I18n comments on Pronunciation Lexicon Specification (PLS) 1.0

Version reviewed

http://www.w3.org/TR/2006/WD-pronunciation-lexicon-20060131/

Main reviewers

Richard Ishida

Felix Sasaki fsasaki@w3.org

Notes

These are comments on behalf of the I18N Core WG. The Owner column indicates who has been assigned the responsibility of tracking discussions on a given comment.

We recommend that responses to the comments in this table use a separate email for each point. This makes it far easier to track threads.

Comments

ID Location Subject Comment Owner Ed. /
Subs.
Discussion threads
1 Many Possible to choose language specific lexicon?

(Not clear whether this is a question about PLS or SSML.) Is it possible to choose a pronunciation dictionary on the basis of language? For example, in the case of

<?xml version="1.0" encoding="UTF-8"?>
<speak version="1.0" xmlns="http://www.w3.org/2001/10/synthesis" 
    xml:lang="en-US">
    
    'Chat' in English refers to a conversation, but 
    '<s xml:lang="fr">chat</s>' in French is the word 
    for 'cat'. 
</speak>

If not, it would not be possible to distinguish between the two instances of 'chat' correctly.

It seems that lexicons are expected to be in one language or another

RI S -
2 Many Use characters rather than escapes in code

All examples show escapes in the code and ipa characters in comments. Please reverse this. It would be fine to say in one place that people could use escapes if it is difficult to type in characters (as you do at the end of 4.1) (though see the suggestion for overcoming that difficulty using a character picker, later). The current approach encourages the use of escapes, and makes the examples difficult to read.

RI E -
3 General embeddable in other formats?

Is a pronounciation lexicon embeddable in other formats, e.g. like MathML in HTML? Please address this question at some place.

FS E -
4 Schema Text out of synch with schema

The description of the schema in the text does not match the schema itself in various places.

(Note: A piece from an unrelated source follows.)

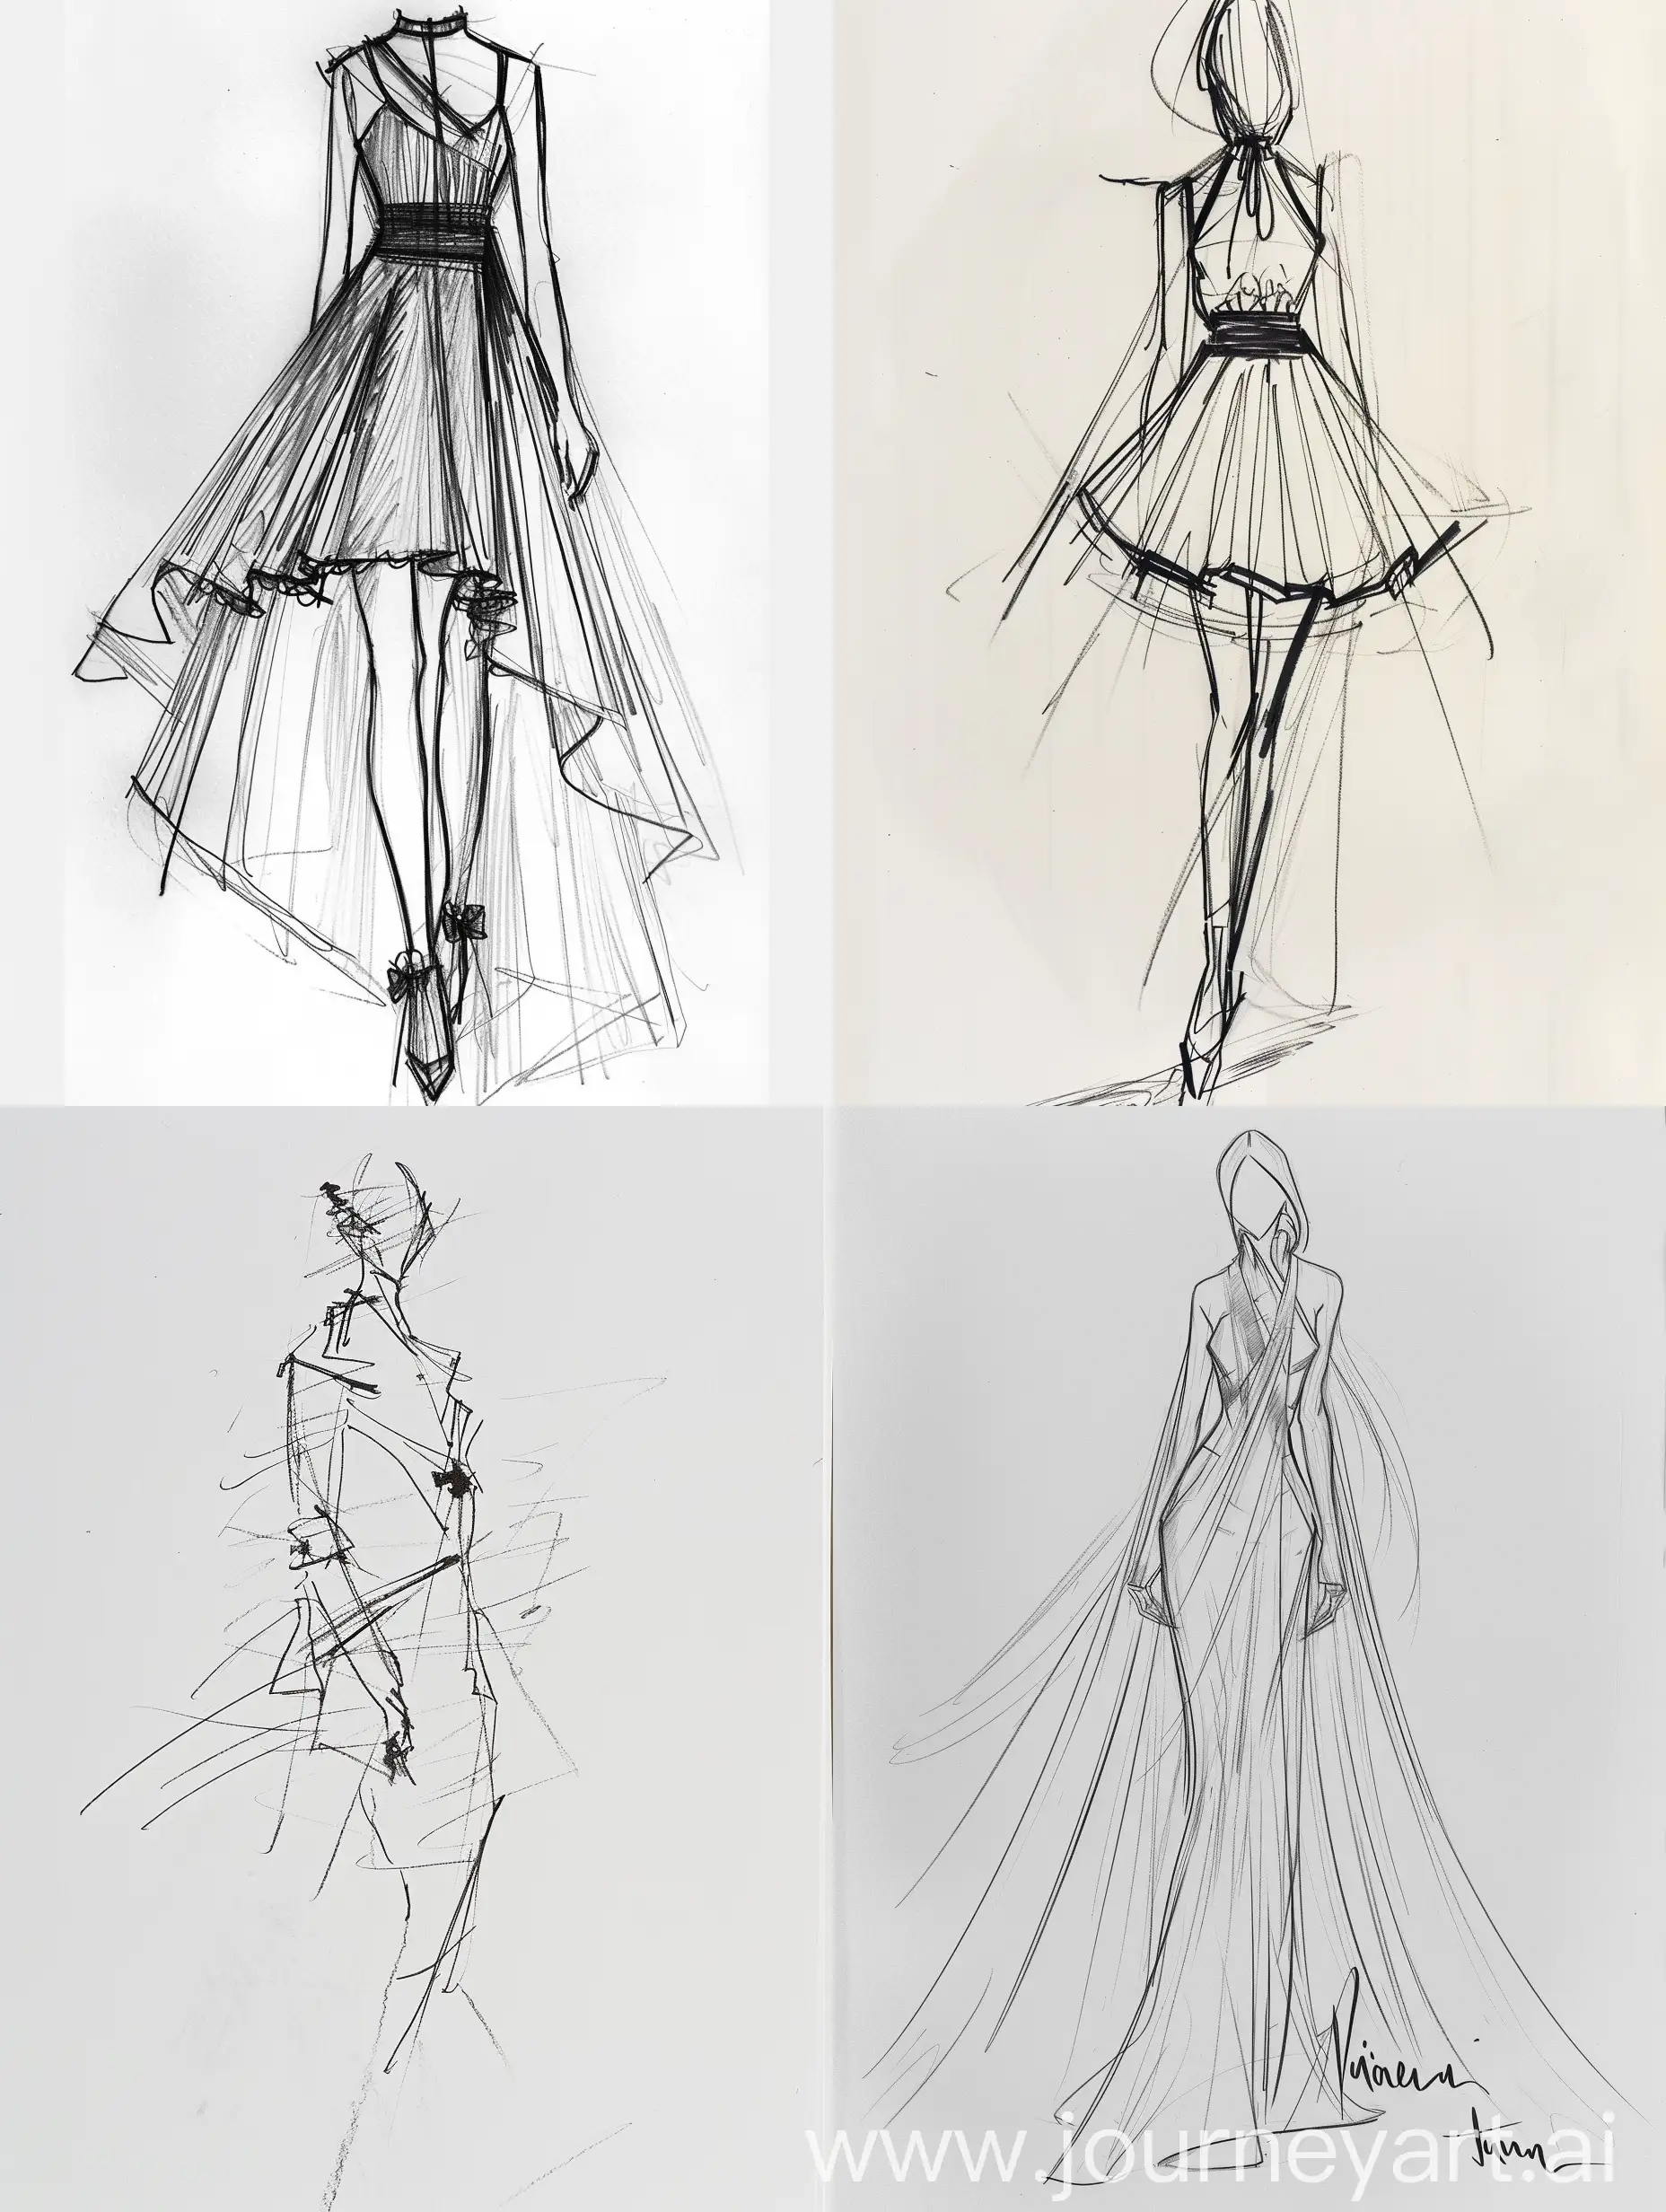 minimalist fashion sketch, style of Joseph auren

For (one) example: the text defines a sequence of the meta element, the metadata element, and a sequence of lexeme elements: meta.elt.type*, metadata.elt.type*, lexeme.elt.type* but the schema says (lexeme.elt.type | meta.elt.type | metadata.elt.type)*

FS S -
5 General encoding=utf8

Thankyou for specifying the encoding on the XML declaration throughout!

RI -
6 General Alternate IPA characters ' and :

We have not seen the IPA Handbook, so cannot verify, but the examples in the spec use an apostrophe for primary word stress and a colon for vowel lengthening (eg. 5.1 example), whereas there are ipa characters for this, ˈ and ː.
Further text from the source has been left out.